- Theatrical release poster
- Directed by: Ira Sachs
- Written by: Ira Sachs Mauricio Zacharias
- Produced by: Lucas Joaquin Christos V. Konstantakopoulos Jim Lande Ira Sachs L. A. Teodosio
- Starring: Greg Kinnear; Jennifer Ehle;
- Cinematography: Óscar Durán
- Edited by: Mollie Goldstein Affonso Gonçalves
- Music by: Dickon Hinchliffe
- Production companies: Buffalo 8; Race Point Films; Faliro House Productions; Charlie Guidance Productions; Parts & Labor; Raptor Films; Water's End Productions; RT Features;
- Distributed by: Magnolia Pictures
- Release dates: January 25, 2016 (Sundance); August 5, 2016 (US);
- Running time: 85 minutes
- Countries: United States Greece
- Language: English
- Budget: $2 million
- Box office: $2 million

= Little Men (2016 film) =

2016 film

Little Men is a 2016 American drama film directed by Ira Sachs. It had its world premiere at the 2016 Sundance Film Festival and had its European premiere as a cross-section selection in the Generations and Panorama sections at the 66th Berlin International Film Festival.

==Plot==
After his elderly father dies, Brian Jardine moves his wife Kathy and 13-year-old son Jake into a Brooklyn apartment that they have inherited. The two-story building has a tenant in the ground-level space; a dress shop run by Leonor Calvelli and her 13-year-old son Tony. Jake and Tony become fast friends despite having very different personalities. Jake is quiet and reserved and spends much of his time sketching or painting, whereas Tony is talkative and gregarious. Tony is an aspiring actor who attends regular classes at Brooklyn's Acting Out! school and dreams of attending Fiorello H. LaGuardia High School to pursue a performing arts education. Jake decides he wants to attend the same school for his painting. The boys bond through everyday activities like skating around the borough, attending a teen rave, and giving their respective parents the silent treatment when disagreements occur. Tony even starts a fight with his classmates when they insult Jake's sexuality.
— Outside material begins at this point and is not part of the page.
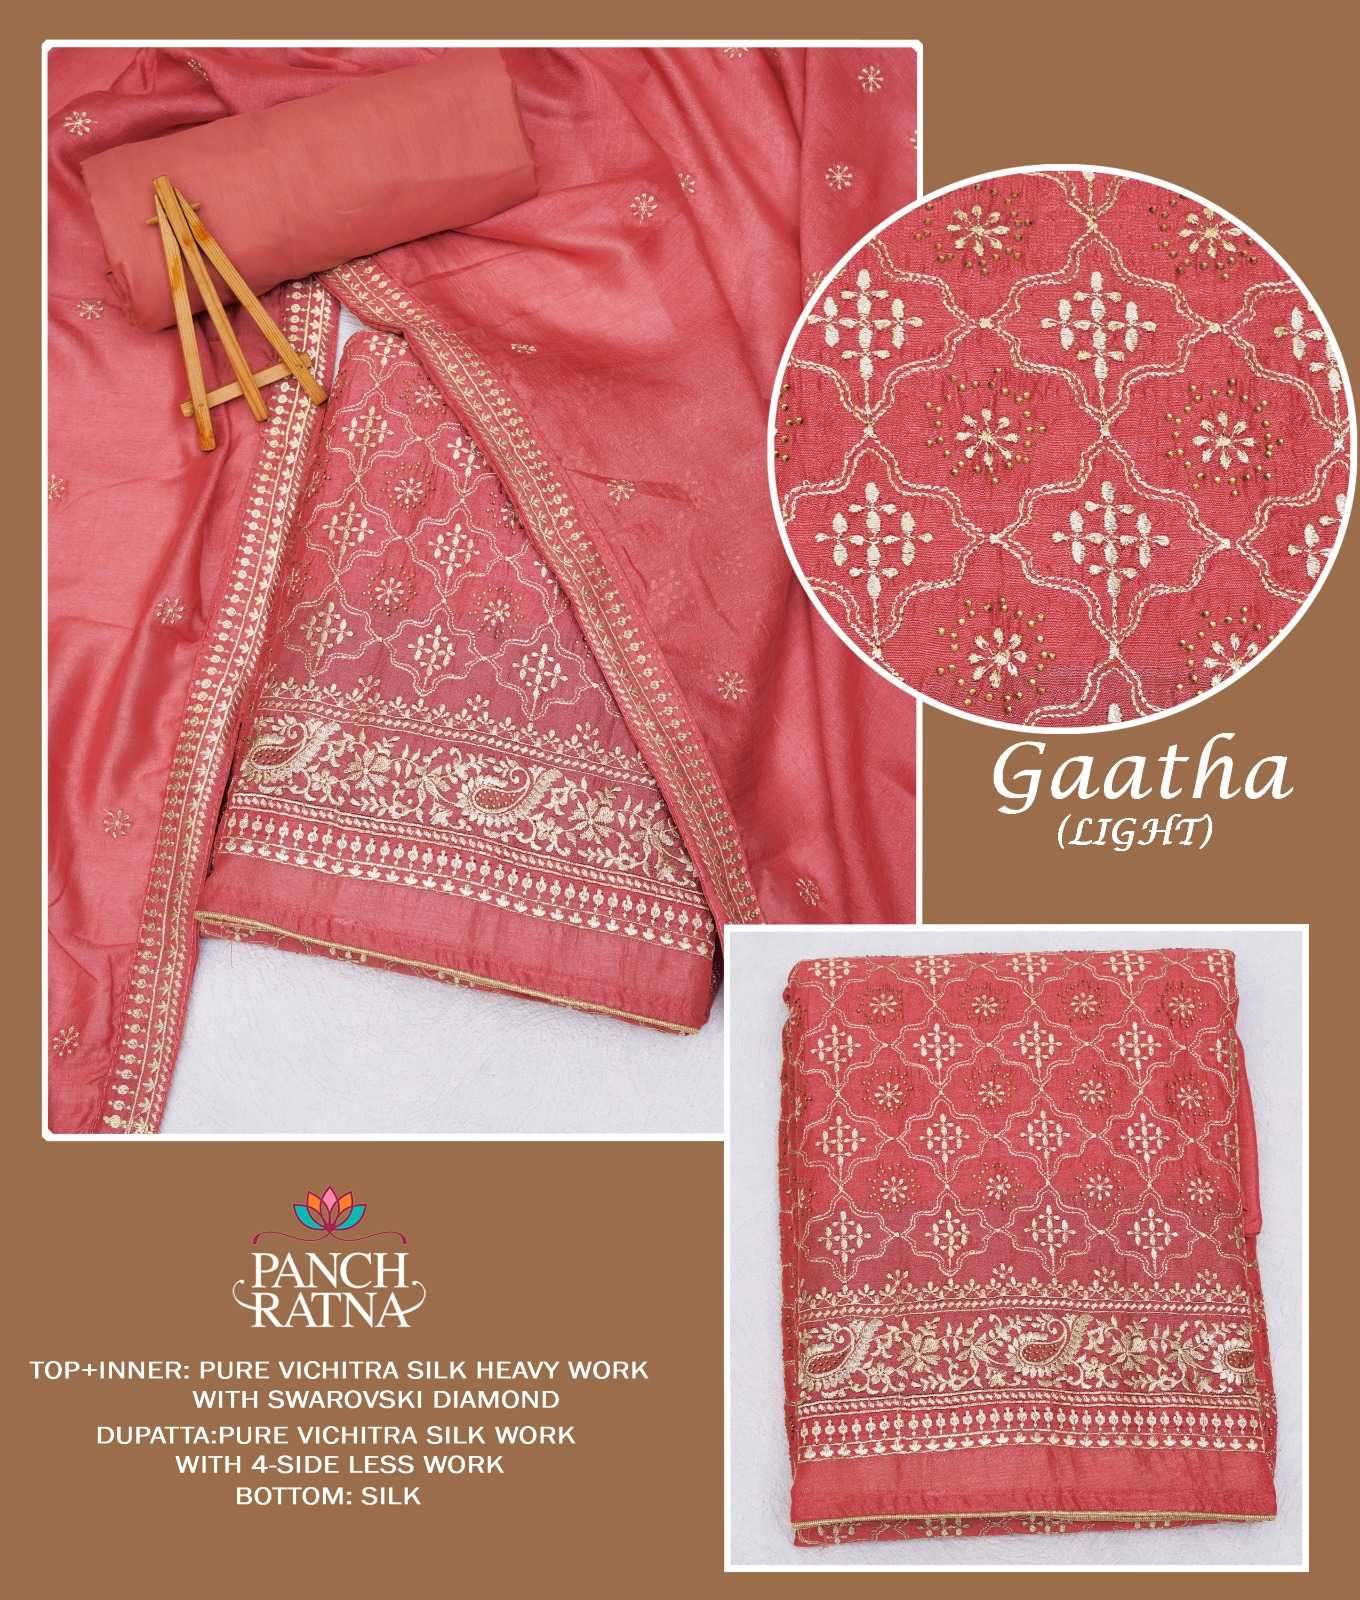 panch ratna gaatha Pure Vichitra Silk Heavy Work With Swarovski Diamond suit

The Jardines discover that Brian's father has been charging Leonor an unusually small rent on her store. Since Brian's acting career is stagnant and the family is almost entirely supported by Kathy's work as a psychotherapist, they inform Leonor that her rent will need to be tripled, still placing it below market value for the changing neighborhood. Leonor makes emotional appeals to Brian, claiming that she and his father were close friends and that he would want Brian to be generous to her. Brian is reluctant to take direct legal action against Leonor, partly because he is simply glad his introverted son has finally made a friend. After receiving an ultimatum from his sister Audrey, he formally evicts Leonor and her son.
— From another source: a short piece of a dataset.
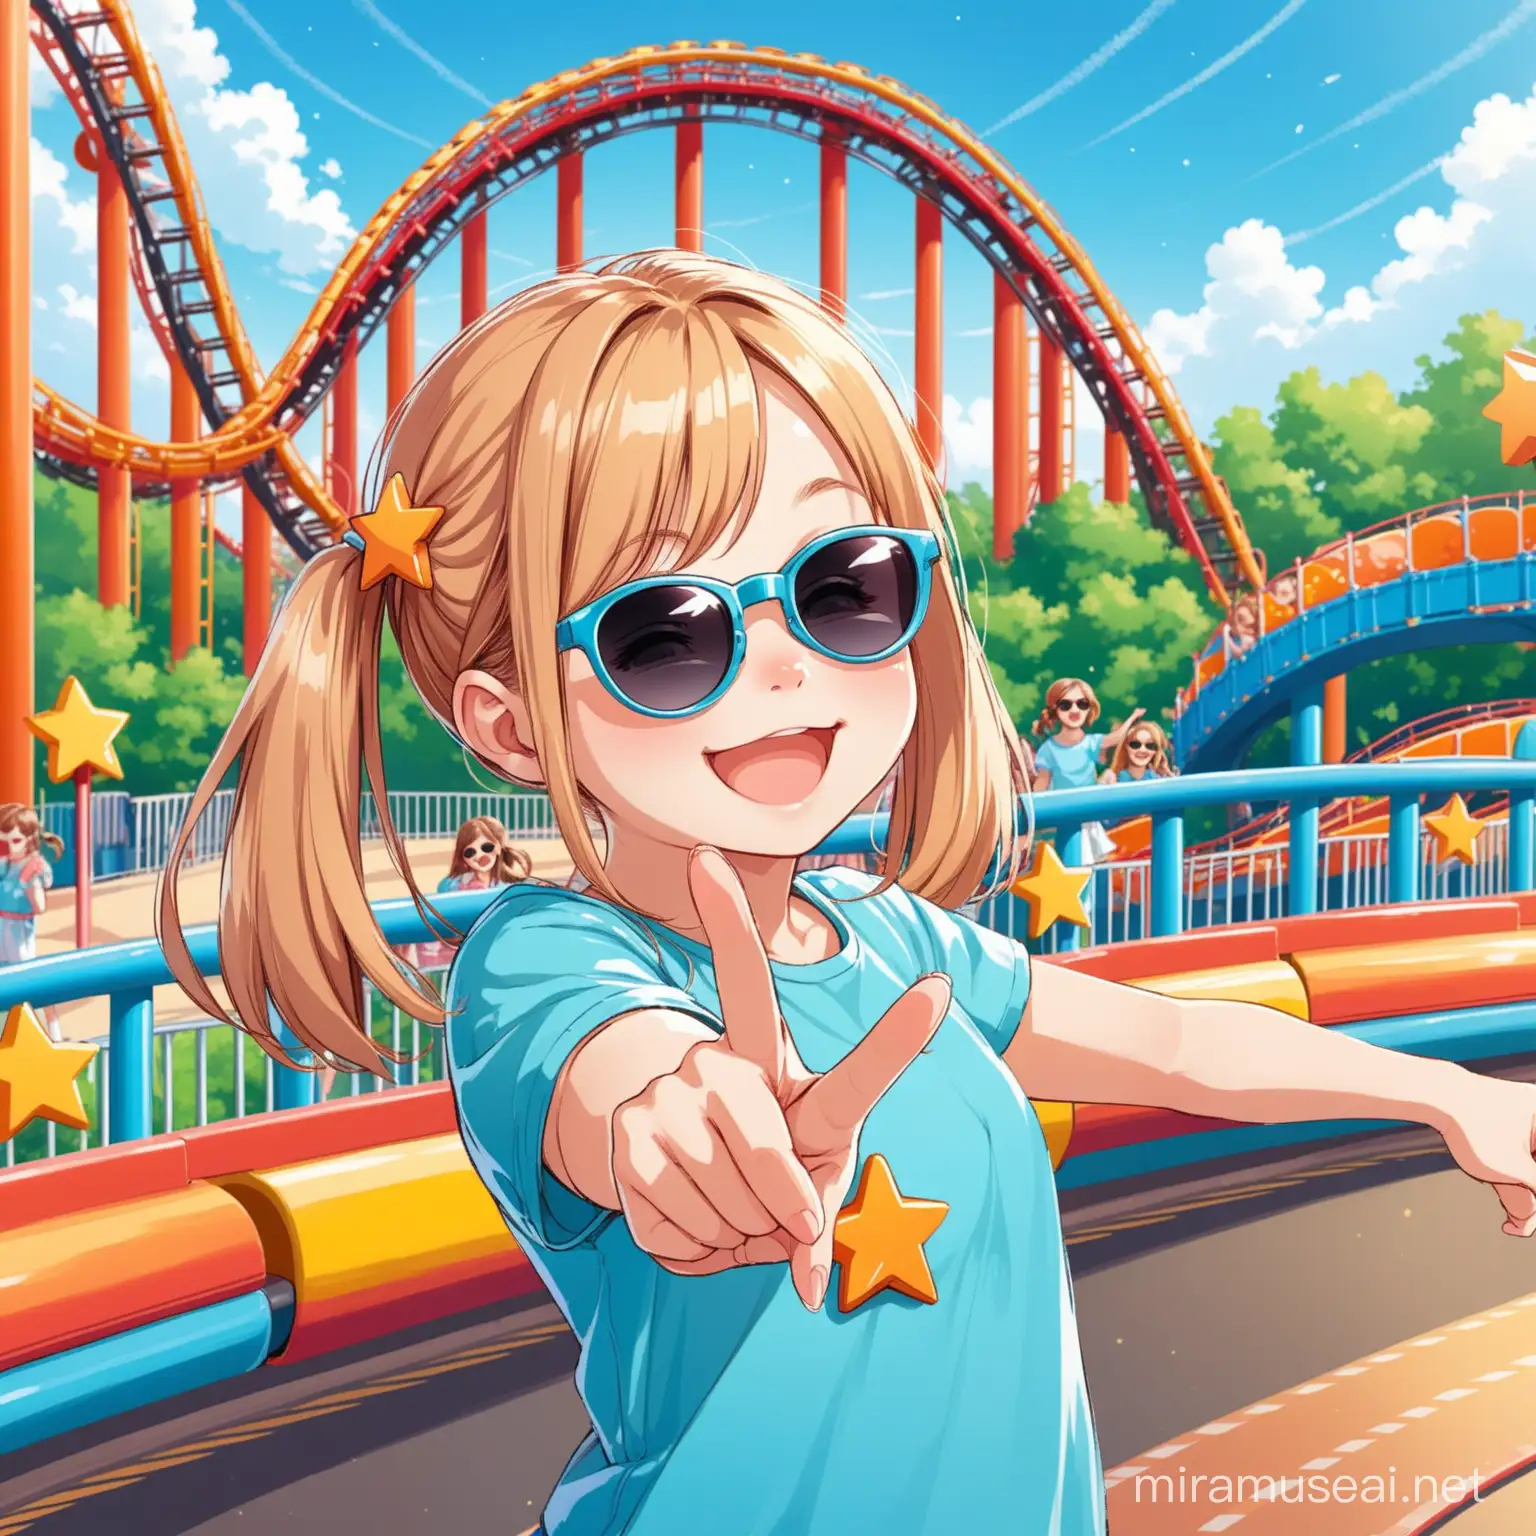 Joyful Young Girl in Sunglasses at Amusement Park Roller Coaster

Jake is devastated and tearfully pleads Tony's case, but is made to face reality. Brian encourages Jake to return his focus to his art and his upcoming application to LaGuardia. Some time later, Jake accompanies a group of fellow art students on a museum visit and is surprised to see Tony and some of his classmates on a tour. Jake watches from across a large atrium as Tony walks away, then quietly rejoins his own group to work on another sketch.

==Reception==
===Critical response===
On the review aggregator Rotten Tomatoes, the film has an approval rating of 96% based on 137 reviews and an average rating of 8/10. The website's critical consensus reads, "Little Men takes a compassionate look at the ways in which adult problems impact childhood friendships — and offers another affecting New York drama from director Ira Sachs." On another aggregator, Metacritic, the film has a score of 86 out of 100 based on 37 critics, indicating "universal acclaim".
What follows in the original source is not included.